Rusman, Peneliti Senior Global Future Institute (GFI)
British Geopolitics yang sudah djalankan Inggris sejak abad ke-15 ketika mengkolonisasi kawasan Asia, nampaknya sekarang ditiru oleh pemerintah Cina. Yaitu kuasai wilayah yang suatu negara yang cukup strategis untuk dibangun Bandara dan Pelabuhan. Begitulah cara Cina menghadapi kepungan kehadiran militer Amerika Serikat dan sekutu-sekutunya dari Darwin, Australia.
Pemerintahan Jokowi-JK nampaknya sadar betul kebutuhan mendesak Cina. Baru-baru ini pemerintah mencanangkan pengembangan pelabuhan existing menjadi pelabuhan Hubungan Internasional Bitung dalam rangka mendorong infrastruktur dan perekonomian Indonesia bagian timur, khususnya di Sulawesi Utara.
Setidaknya begitulah dalih resminya. Namun seperti halnya ketika Cina pada akhir masa pemerintahan Presiden SBY mendesak agar dilibatkan dalam Kawasan Ekonomi Khusus (KEK) di Bitung Sulawesi Utara, maka skema Cina tersebut nampaknya akan ditindak-lanjuti pada pemerintahan Jokowi-JK. Hal ini tergambar jelas melalui Survei Investigasi Desain (SID) yang mana survey diarahkan untuk menguji kelayakan pembangunan pelabuhan di KEK Bitung.
Tren ini semakin menguat ketika Komite Percepatan Penyediaan Infrastruktur Prioritas (KPPIP) telah memboyong konsultan pelaksana penyusunan Outline Business Case (OBC) untuk proyek tersebut.
Sebagaimana kita ketahui sebelumnya KPPIP telah melaksanakan proses lelang jasa konsultasi penyusunan OBC PHI Bitung, dan dari proses lelang tersebut telah ditetapkan konsorsium PT Mott MacDonald Indonesia, PT Deloitte Konsultan Indonesia, dan PT Hanafiah Ponggawa & Partners sebagai penyedia jasa untuk melakukan kegiatan penyusunan OBC untuk pembangunan PHI Bitung.
Adapun hasil survei konsultan OBC akan dibawa ke Belt and Road Forum (BRF) di Beijing, Cina. Sebagaimana diketahui, Sulawesi Utara bersama Sumatera Utara dan Kalimantan Utara diketahui menjadi tiga provinsi yang diminati investor Cina, karenanya negeri tirai bamboo tersebut dirpoyeksikan untuk masuk di pengembangan Pelabuhan Hub Internasional (PHI) Bitung Ini.
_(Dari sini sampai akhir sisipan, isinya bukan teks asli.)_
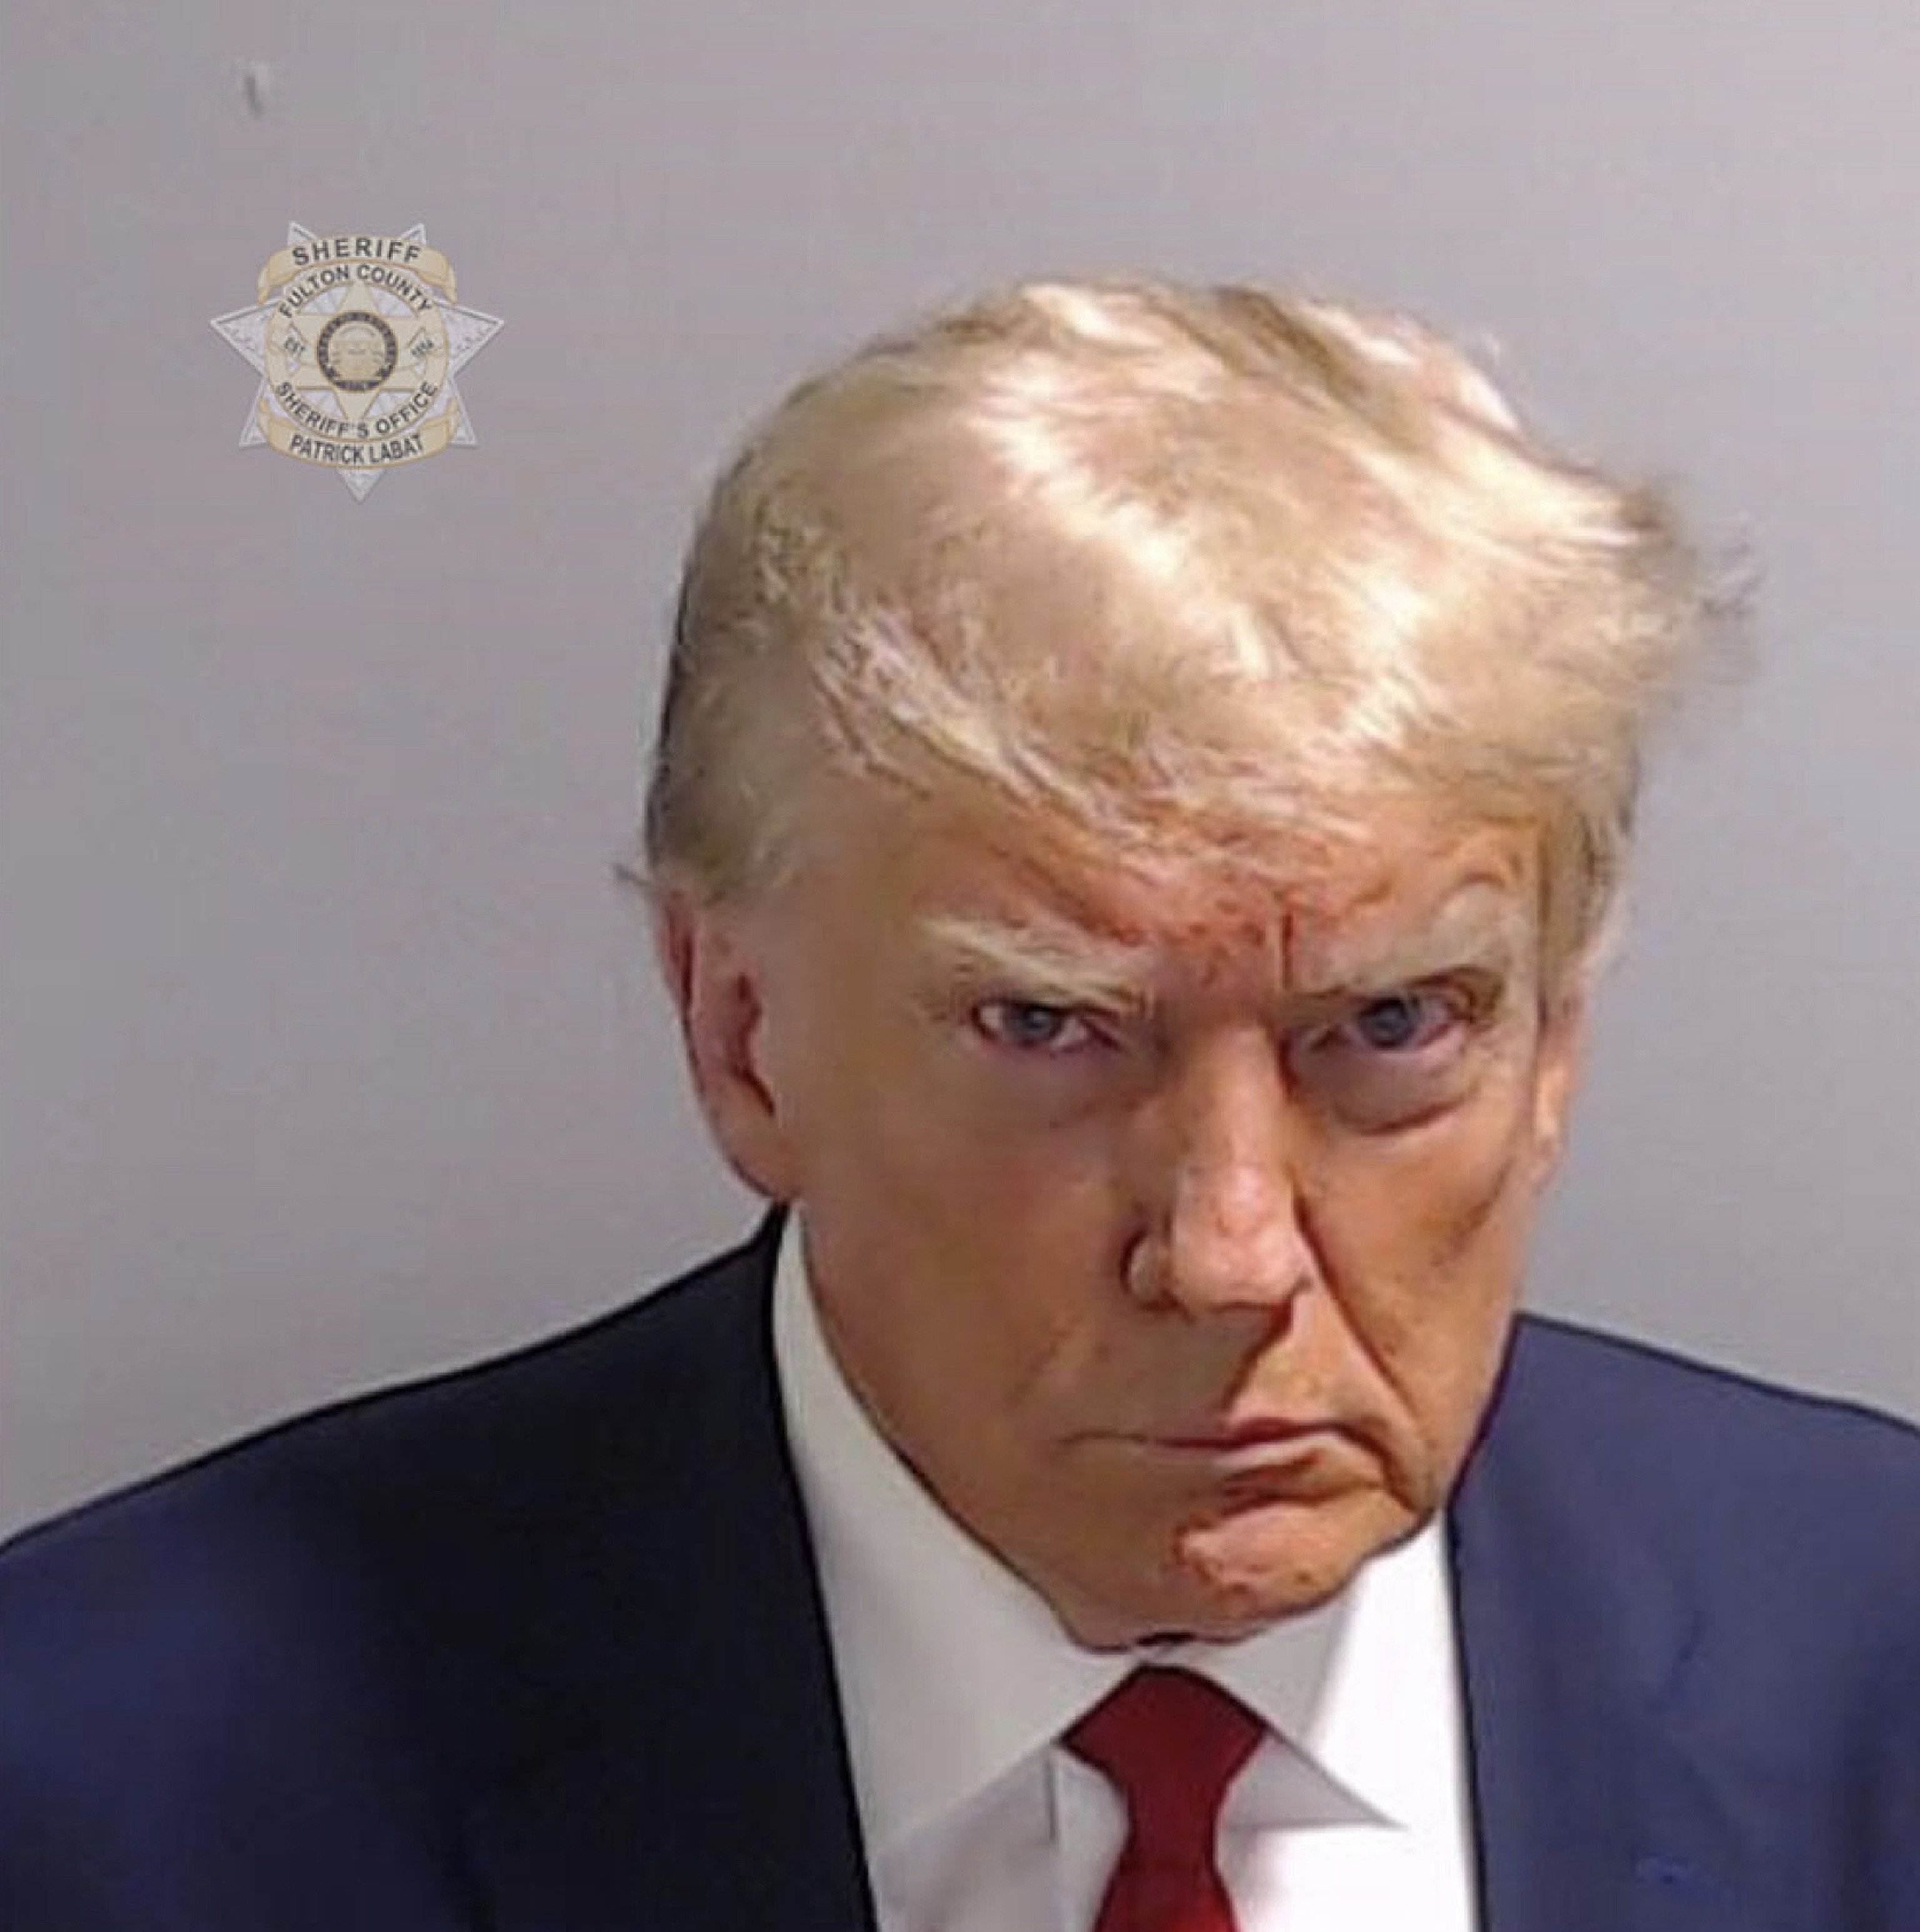 Trump guanya 7 milions de dòlars fent marxandatge amb la seva fotografia policial

Bagi Indonesia, kerjasama ekonomi-bisnis dengan Cina berdasarkan skema KEK Bitung, pada perkembangannya lebih menguntungkan Cina secara geopolitik dibandingkan Indonesia yang bila proyek ini jadi, semata-mata hanya memandang dari segi peluang ekonomi-bisnis mengingat proyek yang masuk klasifikasi prioritas tersebut bernilai investasi sebesar Rp 34 Triliun.
Apakah sebanding mengingat fakta bahwa Bitung merupakan pintu gerbang jalur Indonesia Timur menuju Asia Pasifik? Rusia mungkin bisa jadi bahan perbandingan. Betapa Vladivostok dan Siberia, yang merupakan kawasan Rusia Timur, juga merupakan pintu gerbang jalur Rusia Timur ke Asia Pasifik.
Namun Presiden Vladimir Putin jauh lebih cerdas dan imajinatif dalam memanfaatkan Siberia sebagai senjata geopolitik Rusia, untuk menghadapi kepentingan negara-negara adikuasa seperti Amerika, Uni Eropa dan Jepang. Sehingga bukan suatu kebetulan ketika pada 2012 Rusia menjadi tuan rumah APEC Summit di Vladivostok. Dan melalui forum tersebut, Rusia mempromosikan The Siberian Russian Far East, yang mana Siberia yang dulunya halaman belakang, telah menjelma menjadi halaman muka Rusia.